Odoroma: John Waters recuperó la idea de los olores en el cine para el estreno en 1981 de su film Polyester. El público rascaba y olía unas cartulinas numeradas cuando se lo indicaba el correspondiente número en la pantalla.

3D: Un popularísimo recurso en los 50, y que ha ido y venido desde entonces (de hecho hace nada se volvió a utilizar en el estreno de cierto film de animación), la anécdota más cachonda relacionada con el cine en tres dimensiones fue el estreno de Los crímenes del museo de cera, debut de la Warner en el 3D, y que tenía de protagonista, una vez más, a Vincent Price. Lo curioso del asunto es que el director del mismo, André De Toth, era tuerto, y por lo tanto no podía apreciar el efecto 3D. ¡Así de extraño es a veces el mundo de Hollywood!

9 comentarios:

supersalvajuan dijo...

Buenas genialidades.

elastica madrugada dijo...

Esa imagen es genial
Saludos.

Lee dijo...

Lo de ver Polyester de Waters con la cartulinita de los olores tuvo que ser digno de verse. Hace poco lei sobre lo del surrealista estreno de la Sirena de Aguas Verdes, esa de la Russell de la qu hablas, producida por el infame Howard Hughes..que coincidencia;)
Un gran post.

Un beso

Aitor Fuckin' Perry dijo...

Eso me habría venido bien para mi mega suspenso en el test de Comunicación Audiovisual xD

Kal Zakath dijo...

Vaya, si que lo pasaban bien en el cine en los años 50... Lo del muñequito podrían volver a hacerlo , que así si la película es mala te desfogas tirándole palomitas al maniquí.

Dr. Quatermass dijo...

Que buen post, ignoraba esto del Emergo, que lástima que no haya ningún vídeo donde se vea el acontecimiento. Aunque experiencias de cine interactivo han habido bastantes, un ejemplo muy acertado (cambiando radicalmente de ámbito) era la película-obra de La Cubana "Cegada de Amor" donde los actores entraban y salían de la película en una sincronización y efecto bastante sorprendente.

Saludos!

MuddyBoy dijo...

Que grande William Castle..

Me encanta

Fantomas dijo...

Lo de Castle ya es mítico. Invento cuanto truco publicitario uno se podría imaginar, y finalmente la única cinta en la que se vió involucrado que tuvo éxito fue la única en la que no utilizó ninguna artimaña.

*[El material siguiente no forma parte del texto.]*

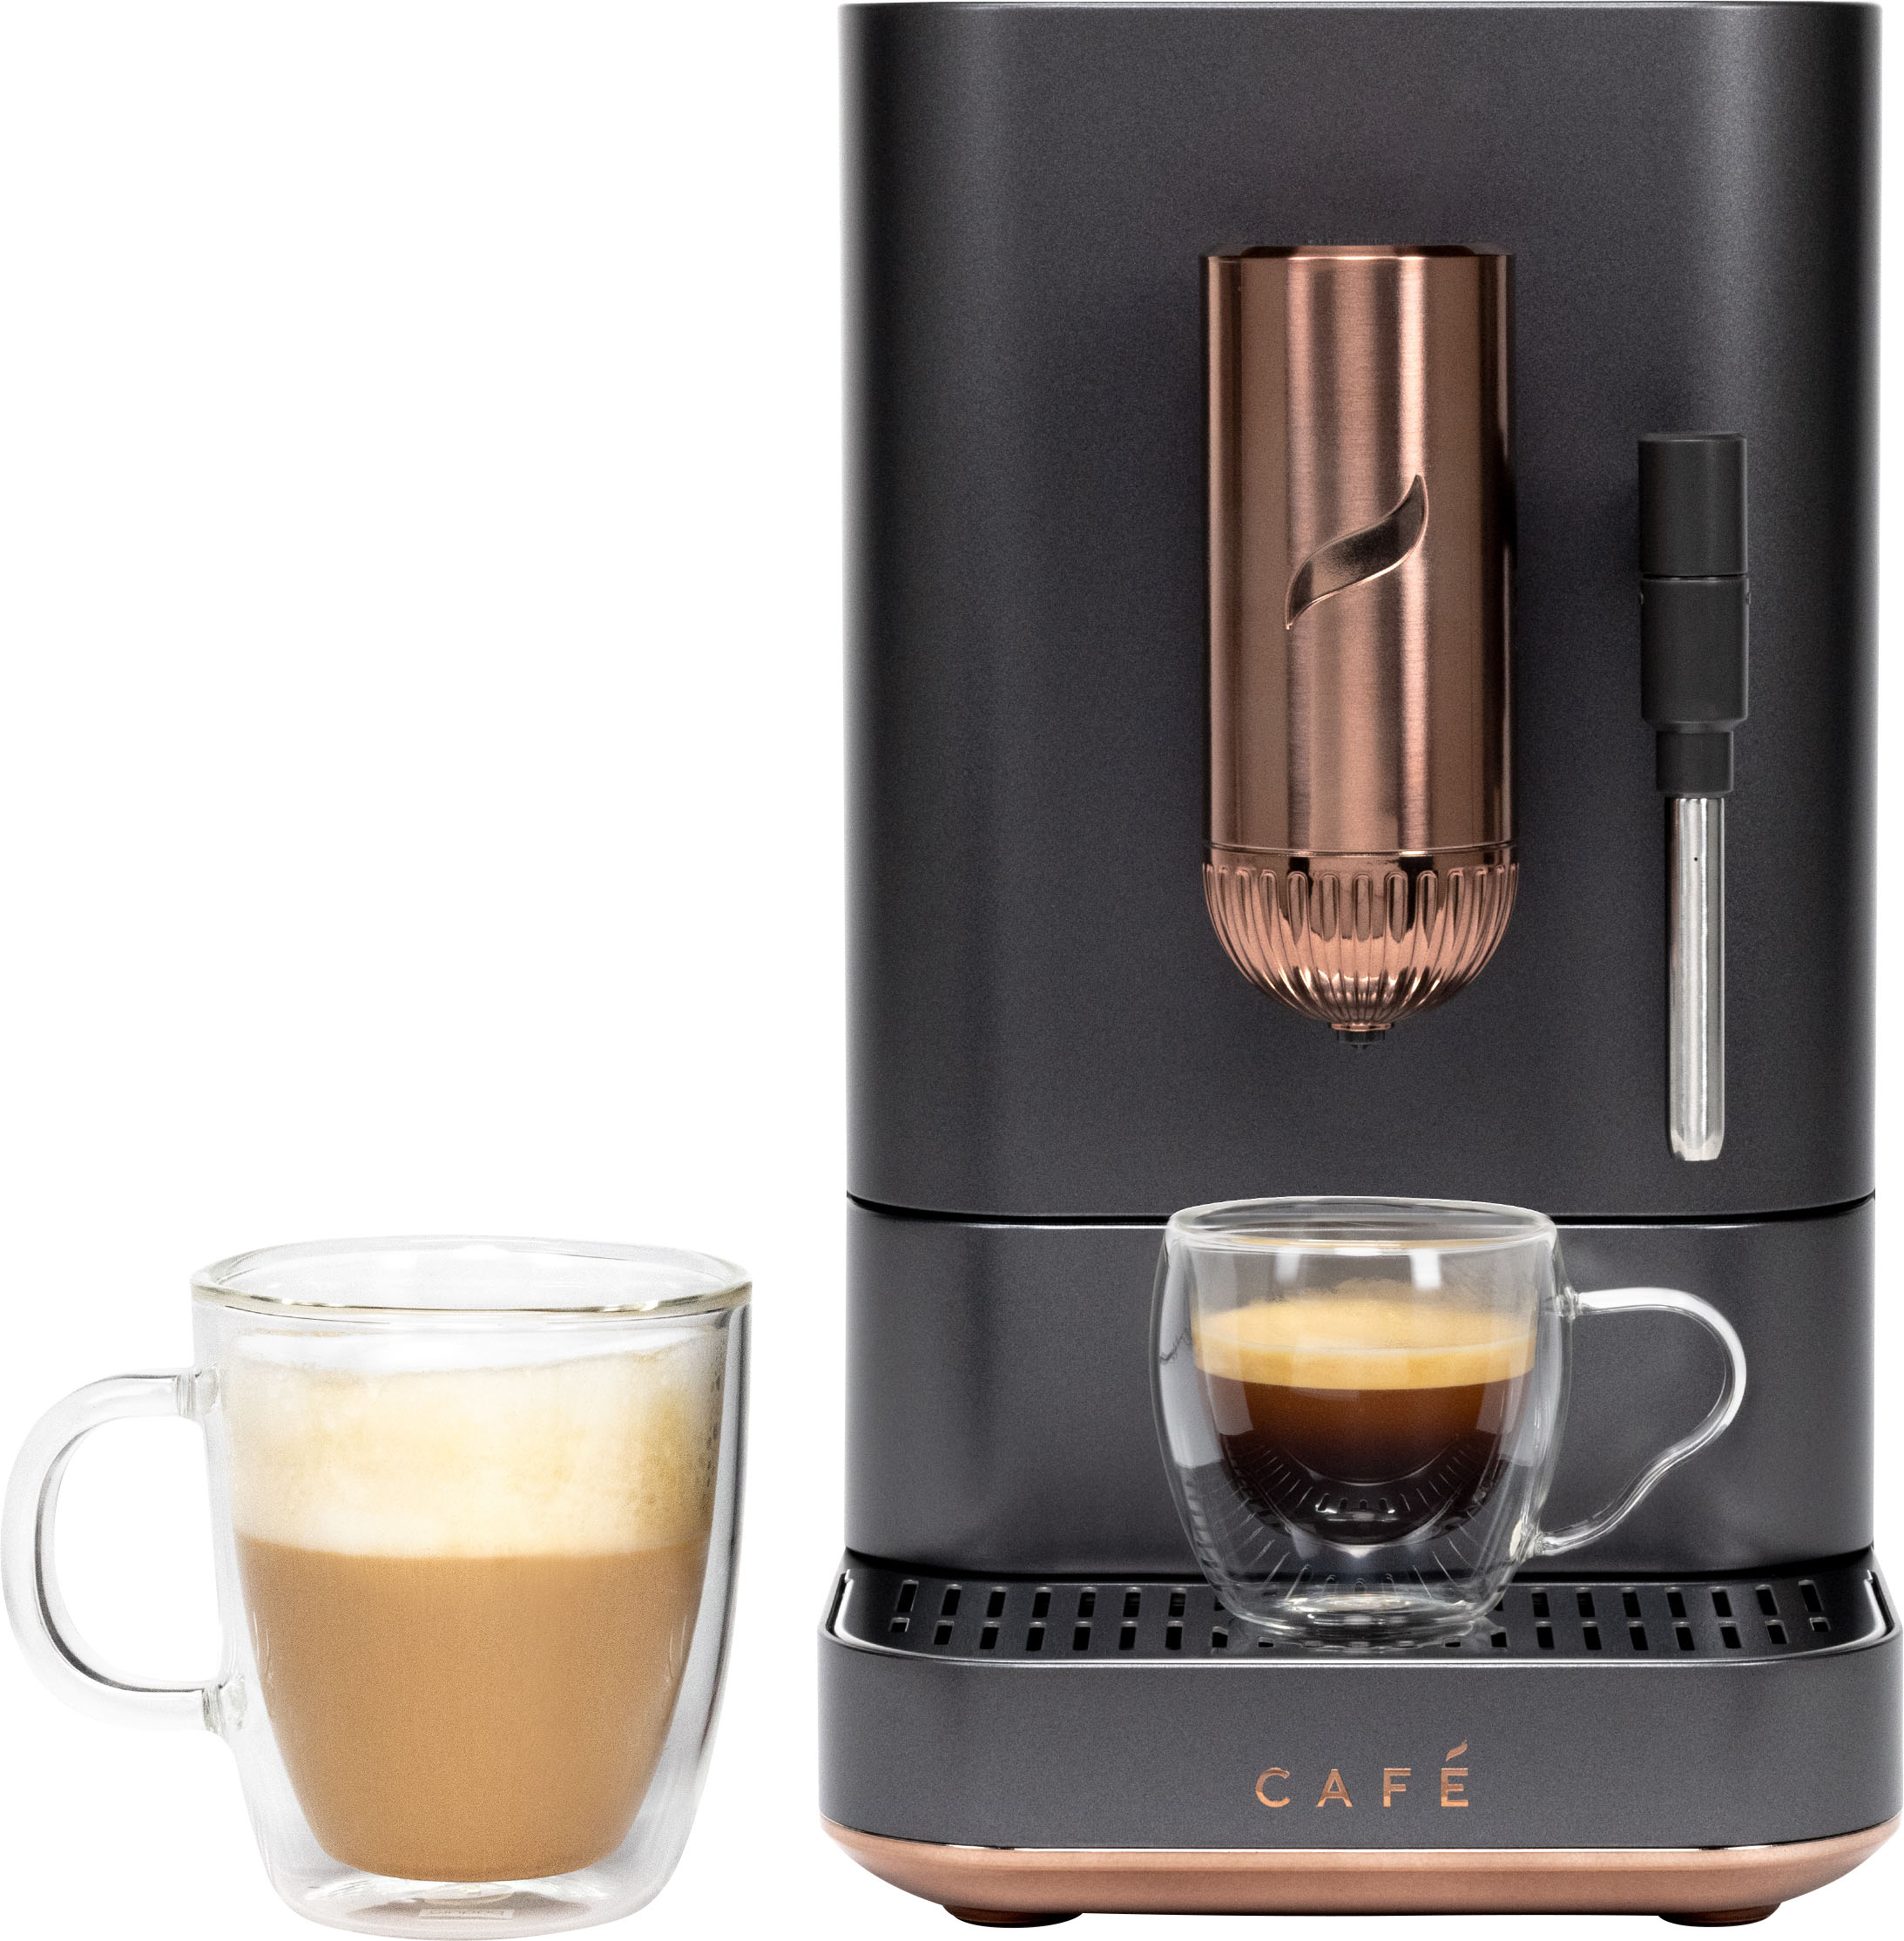 Nespresso: Espresso Machines & Coffee Makers - Best Buy

Para el que le interese, hace poco escribí un artículo de la obra del director:

http://cinemauniverse.blogspot.com/2009/03/william-castle-el-rey-de-los-gimmicks.html

Saludos!

Möbius el Crononauta dijo...

Supersalvajuan: ya se sabe, a falta de pan...

elasticamadrugada: tiene usted buen gusto. Gracias y bienvenida

Lee: el Emergo también habría sido grato vivirlo.

Aitor: ¿si? ¿te preguntaron por el Emergo? si es así, me equivoqué de carrera

Kal Kazath: pues sí, sería un aliciente extra para al cine.

Dr.Quatermass: si seguro que no cuesta tanto hacer cosas diferentes...

MuddyBoy: gran tipo sin duda.

Fantomas: gracias por el enlace. Voy a echarle un vistazo.